§ **ASSIGNED TASK**: Provide again, from the entries below, every line from the one containing "An 11-15 Pro" through the one containing "Stranger Things HFC", exactly as written, and no other line.
Top of EXCERPTED DATA
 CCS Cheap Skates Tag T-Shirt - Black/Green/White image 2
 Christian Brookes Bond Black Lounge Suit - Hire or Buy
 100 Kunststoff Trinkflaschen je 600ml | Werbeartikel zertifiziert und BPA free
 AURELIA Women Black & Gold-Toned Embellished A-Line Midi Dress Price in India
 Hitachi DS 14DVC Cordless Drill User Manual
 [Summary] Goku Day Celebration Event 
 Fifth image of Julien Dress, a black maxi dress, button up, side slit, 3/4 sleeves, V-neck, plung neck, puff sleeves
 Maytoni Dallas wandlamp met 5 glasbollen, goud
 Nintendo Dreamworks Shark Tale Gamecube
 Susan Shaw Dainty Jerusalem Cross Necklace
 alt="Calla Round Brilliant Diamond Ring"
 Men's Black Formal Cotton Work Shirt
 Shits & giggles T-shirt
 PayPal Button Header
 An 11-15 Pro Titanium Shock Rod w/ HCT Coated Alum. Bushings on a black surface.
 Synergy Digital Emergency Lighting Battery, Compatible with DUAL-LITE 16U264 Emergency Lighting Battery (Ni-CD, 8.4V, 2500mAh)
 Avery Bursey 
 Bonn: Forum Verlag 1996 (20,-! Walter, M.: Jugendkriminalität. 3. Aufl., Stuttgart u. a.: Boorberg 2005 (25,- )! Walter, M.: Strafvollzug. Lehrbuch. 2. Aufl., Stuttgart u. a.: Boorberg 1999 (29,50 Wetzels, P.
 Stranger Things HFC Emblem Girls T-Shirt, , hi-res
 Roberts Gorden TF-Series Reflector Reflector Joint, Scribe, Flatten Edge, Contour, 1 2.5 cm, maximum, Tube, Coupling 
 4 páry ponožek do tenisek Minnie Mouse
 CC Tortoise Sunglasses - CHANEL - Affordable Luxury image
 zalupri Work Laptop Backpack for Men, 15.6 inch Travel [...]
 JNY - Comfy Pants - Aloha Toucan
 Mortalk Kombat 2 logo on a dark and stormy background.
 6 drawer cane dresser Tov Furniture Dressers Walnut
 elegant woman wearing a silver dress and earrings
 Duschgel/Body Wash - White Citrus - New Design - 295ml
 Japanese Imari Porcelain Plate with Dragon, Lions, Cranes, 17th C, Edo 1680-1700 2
Bottom of EXCERPTED DATA
§ **EXERCISE RESULT**:
 An 11-15 Pro Titanium Shock Rod w/ HCT Coated Alum. Bushings on a black surface.
 Synergy Digital Emergency Lighting Battery, Compatible with DUAL-LITE 16U264 Emergency Lighting Battery (Ni-CD, 8.4V, 2500mAh)
 Avery Bursey 
 Bonn: Forum Verlag 1996 (20,-! Walter, M.: Jugendkriminalität. 3. Aufl., Stuttgart u. a.: Boorberg 2005 (25,- )! Walter, M.: Strafvollzug. Lehrbuch. 2. Aufl., Stuttgart u. a.: Boorberg 1999 (29,50 Wetzels, P.
 Stranger Things HFC Emblem Girls T-Shirt, , hi-res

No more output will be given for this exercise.